● **Try it**: Return the listing that follows exactly, with no pictures included.

● **Supplied information**:

Content starts

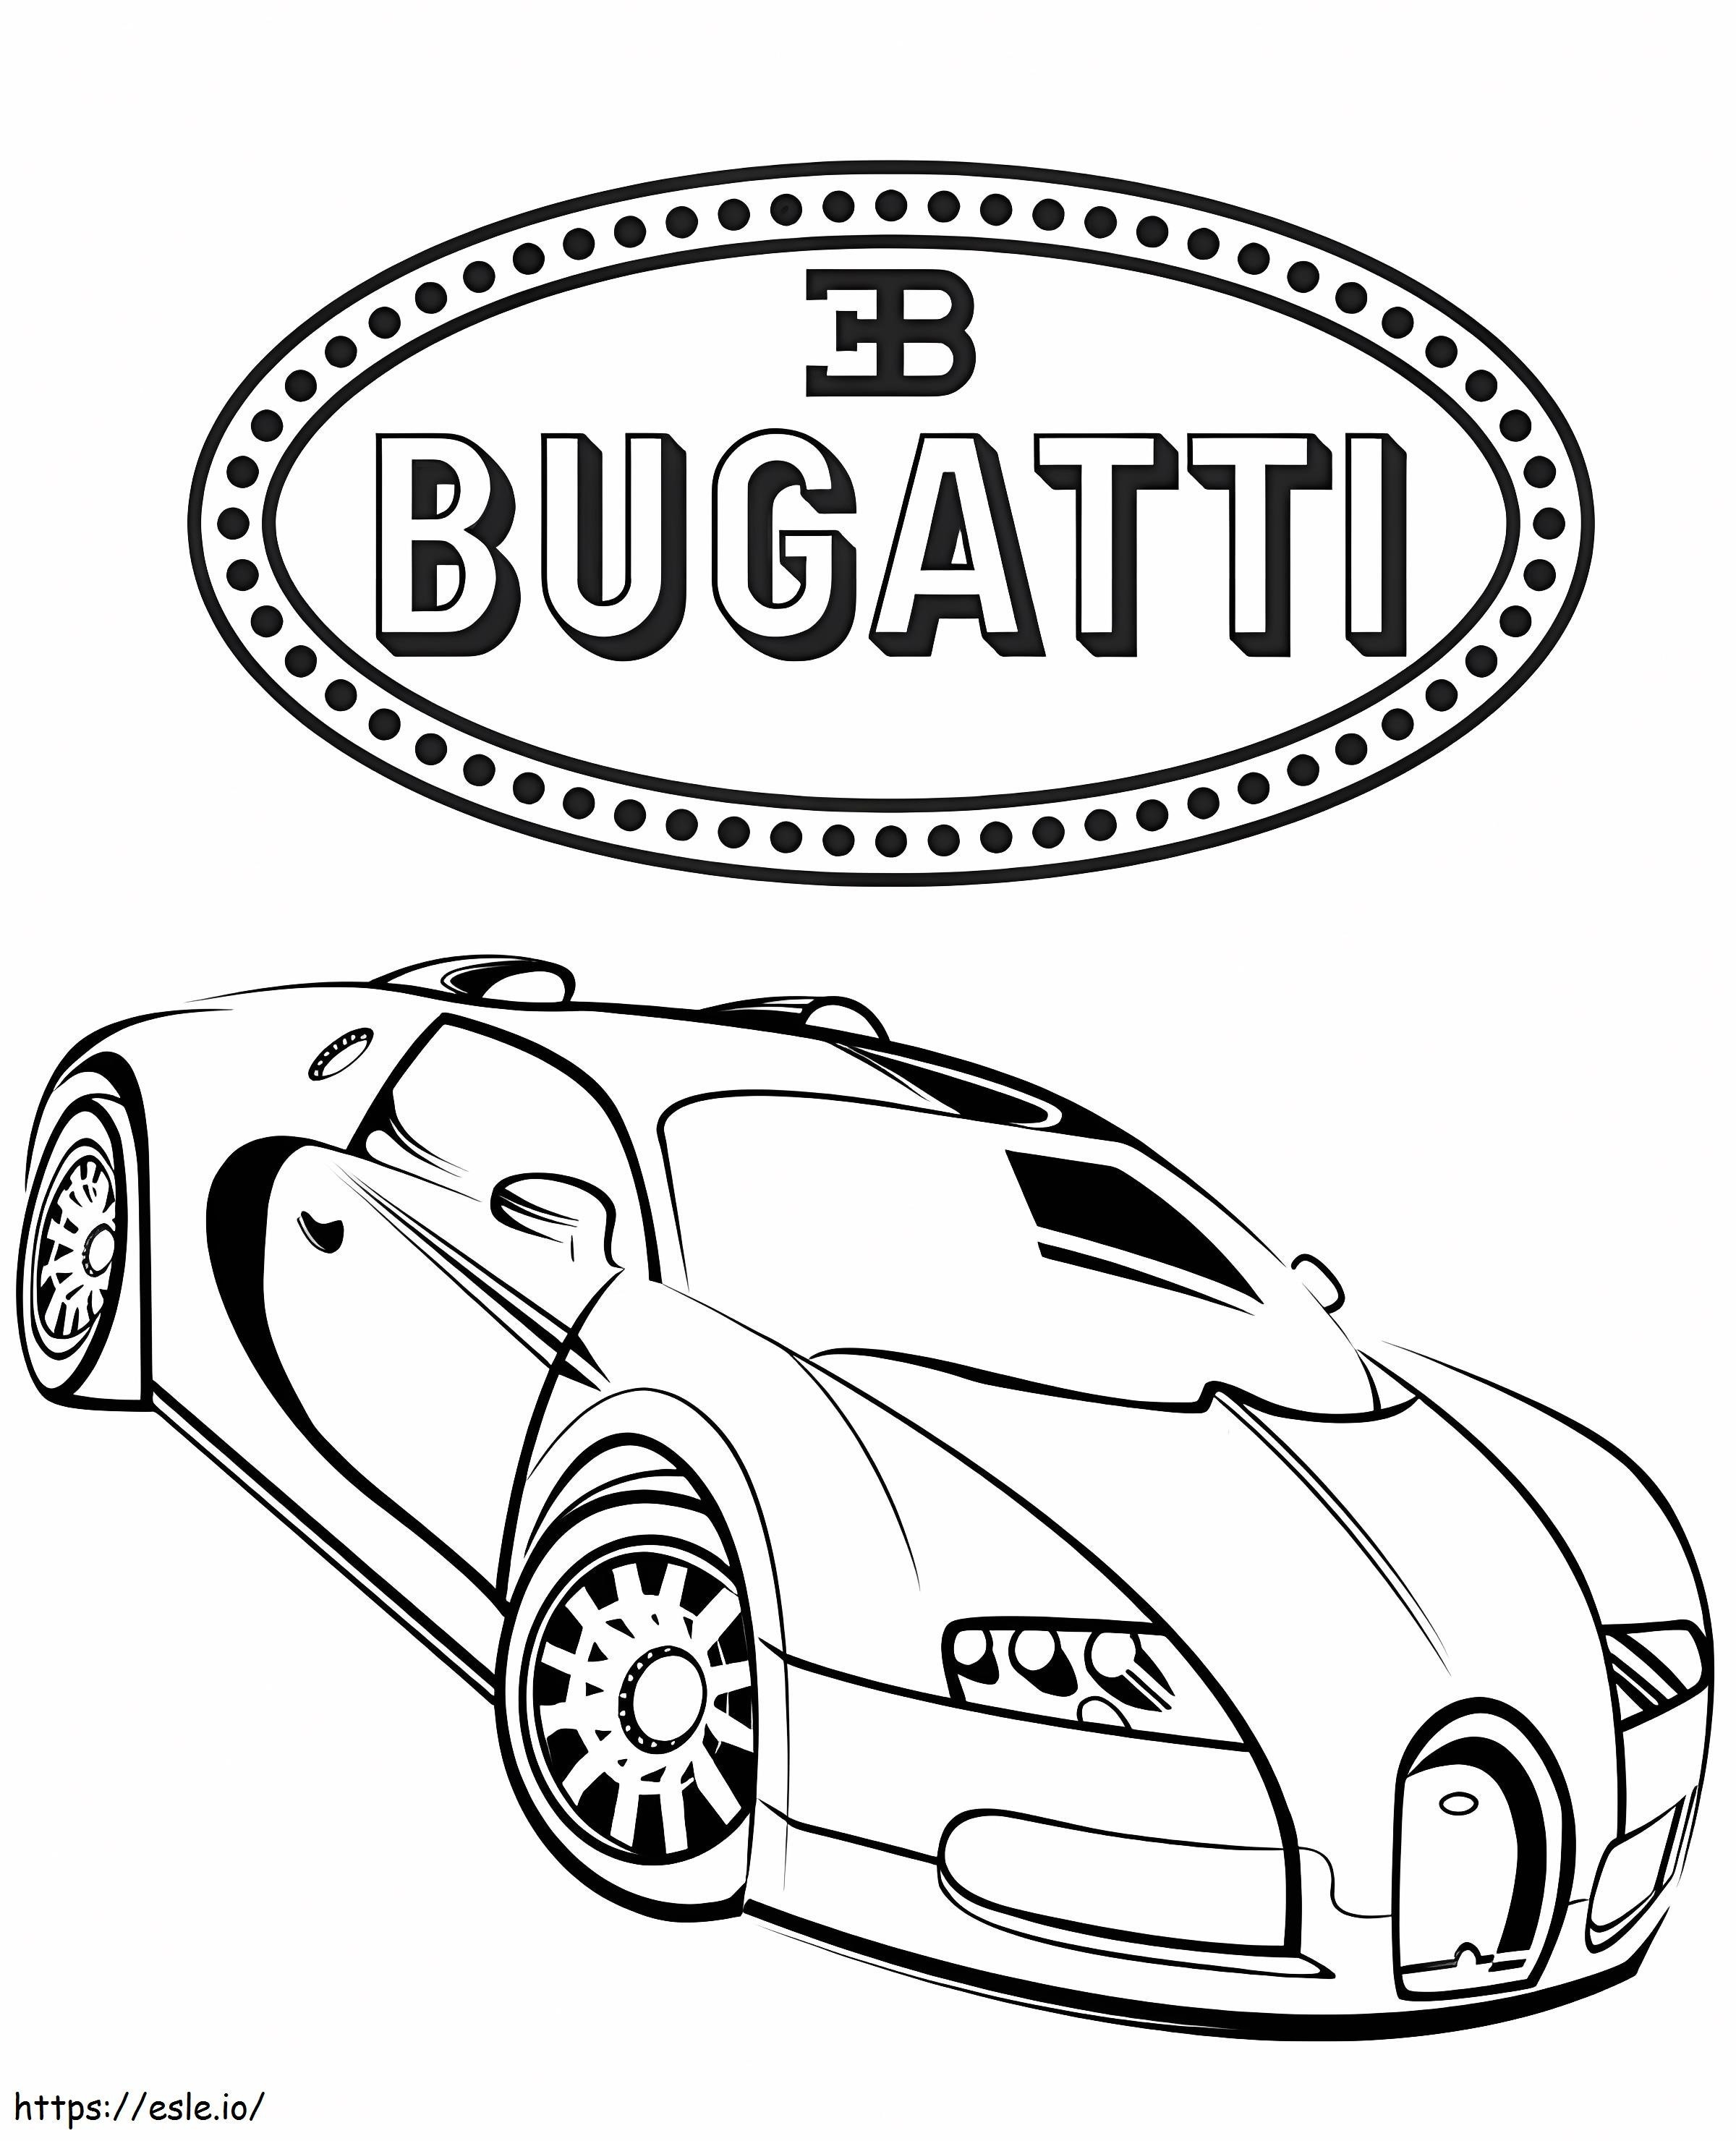 Samochód Bugatti 3 kolorowanka
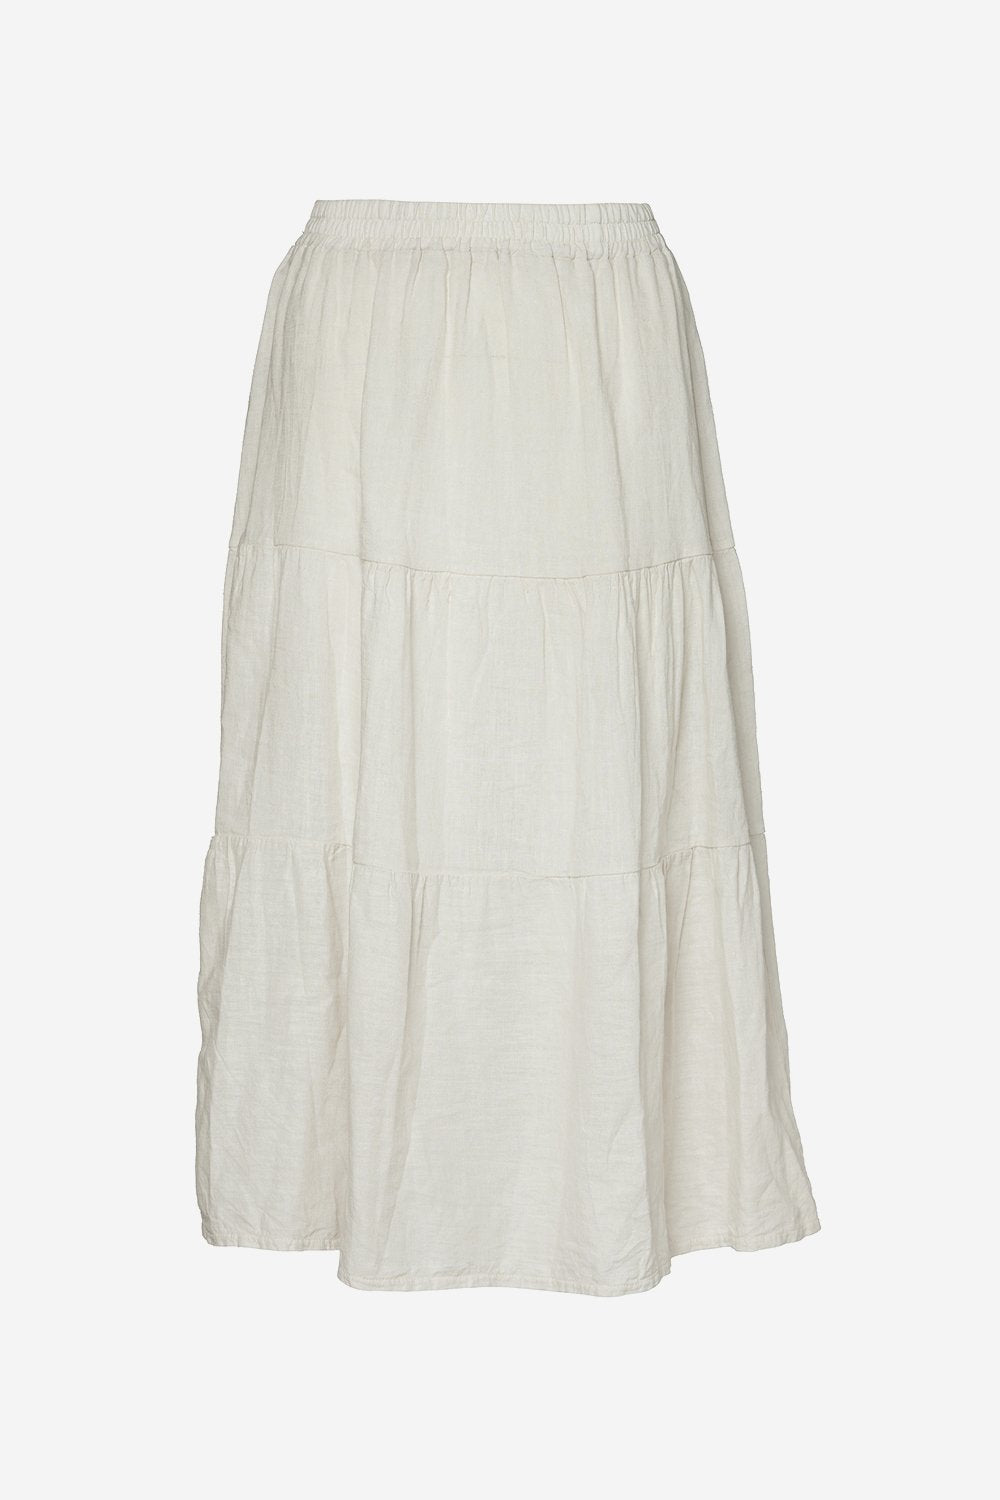 Jolene Skirt Linen Mix Beige
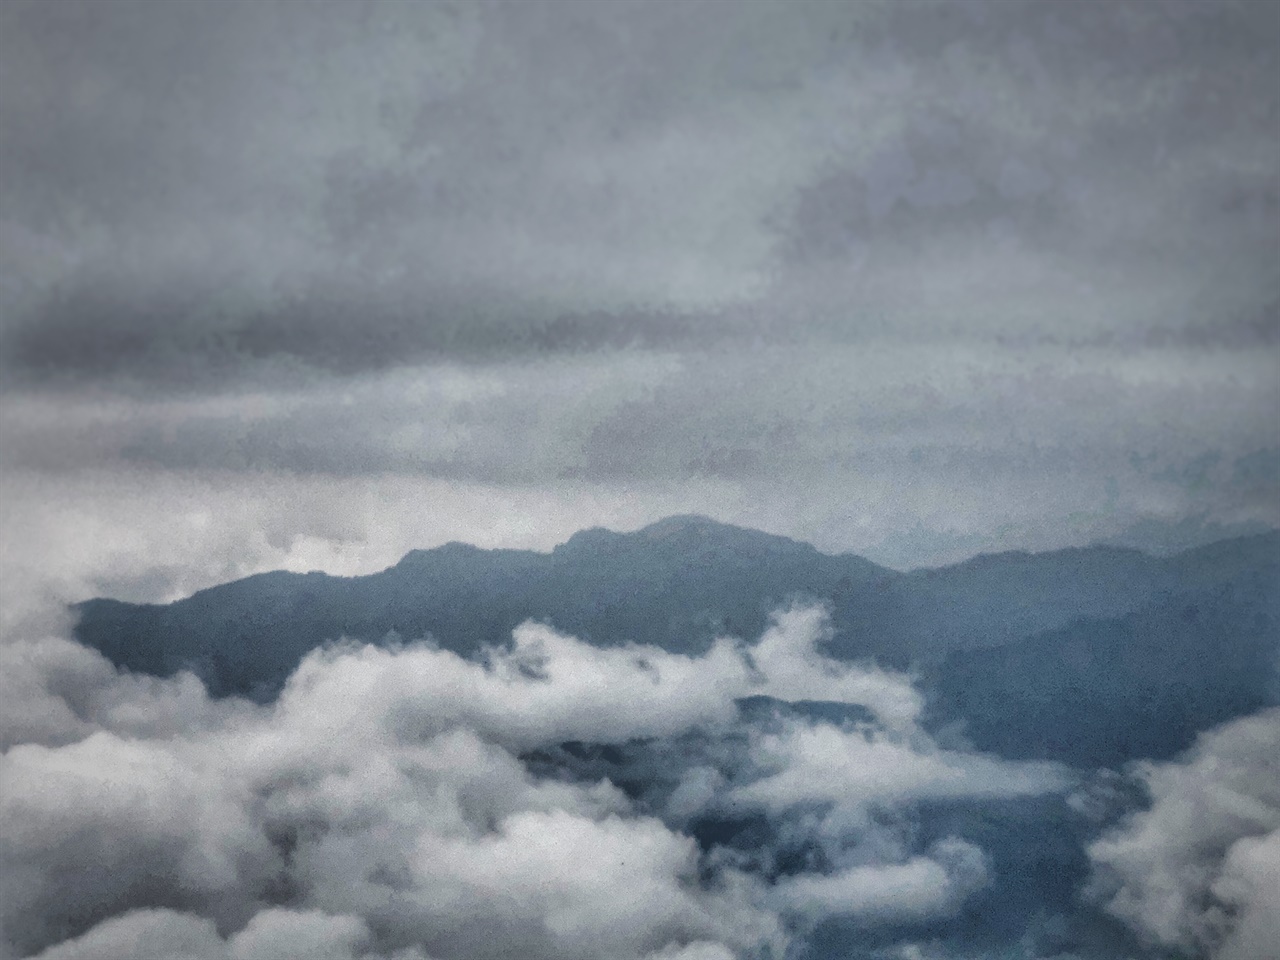 멀리 구름 너머 3,952미터 대만 최고봉 옥산이 보인다. 무탈한 여행과 세계 평화를 기원한다.
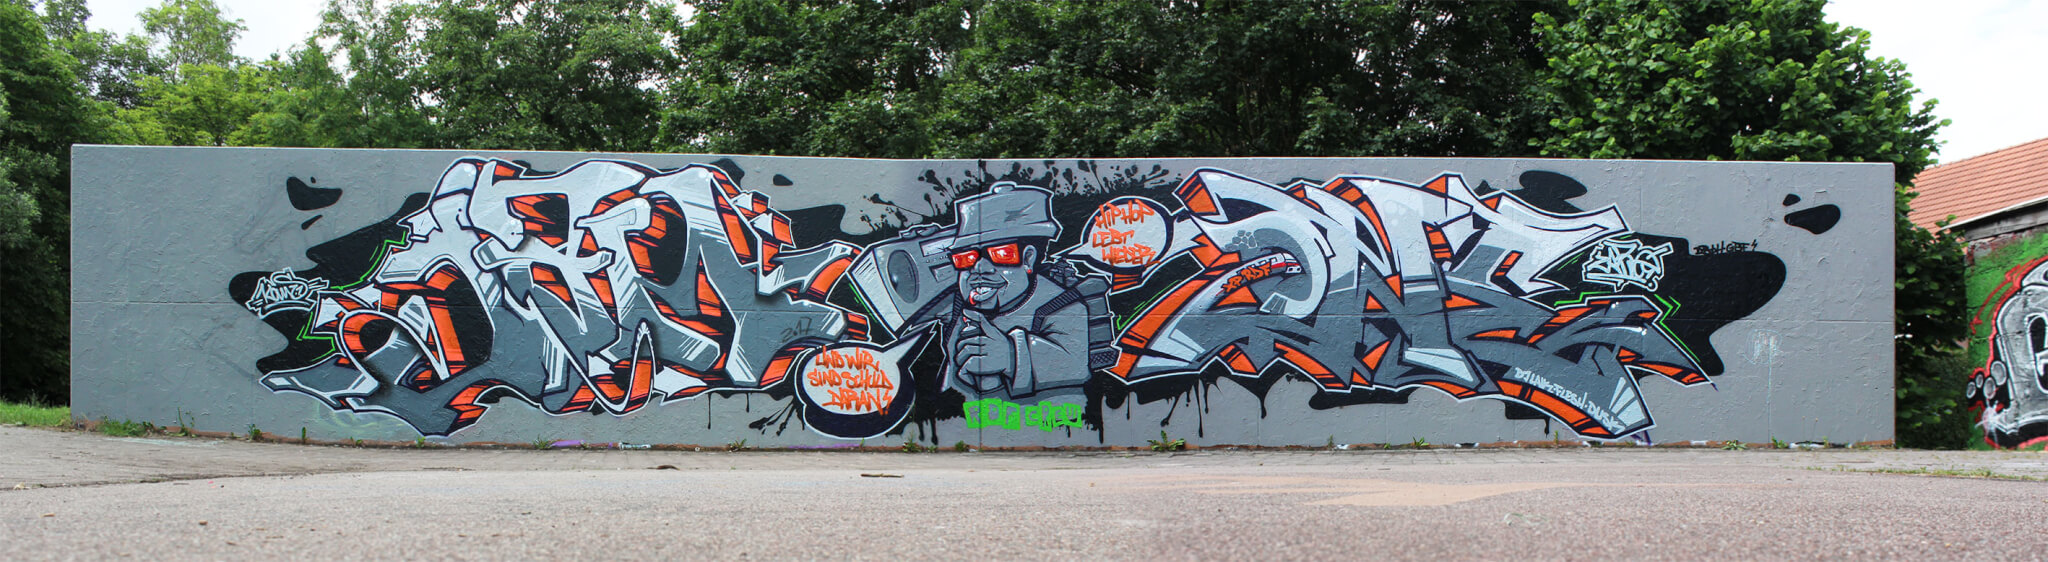 Jam One Graffiti von Kans, Kosta und Zare in Bad Salzungen 2017

Content ends

● **Answer**:
 Samochód Bugatti 3 kolorowanka
 Jolene Skirt Linen Mix Beige
 멀리 구름 너머 3,952미터 대만 최고봉 옥산이 보인다. 무탈한 여행과 세계 평화를 기원한다.
 Jam One Graffiti von Kans, Kosta und Zare in Bad Salzungen 2017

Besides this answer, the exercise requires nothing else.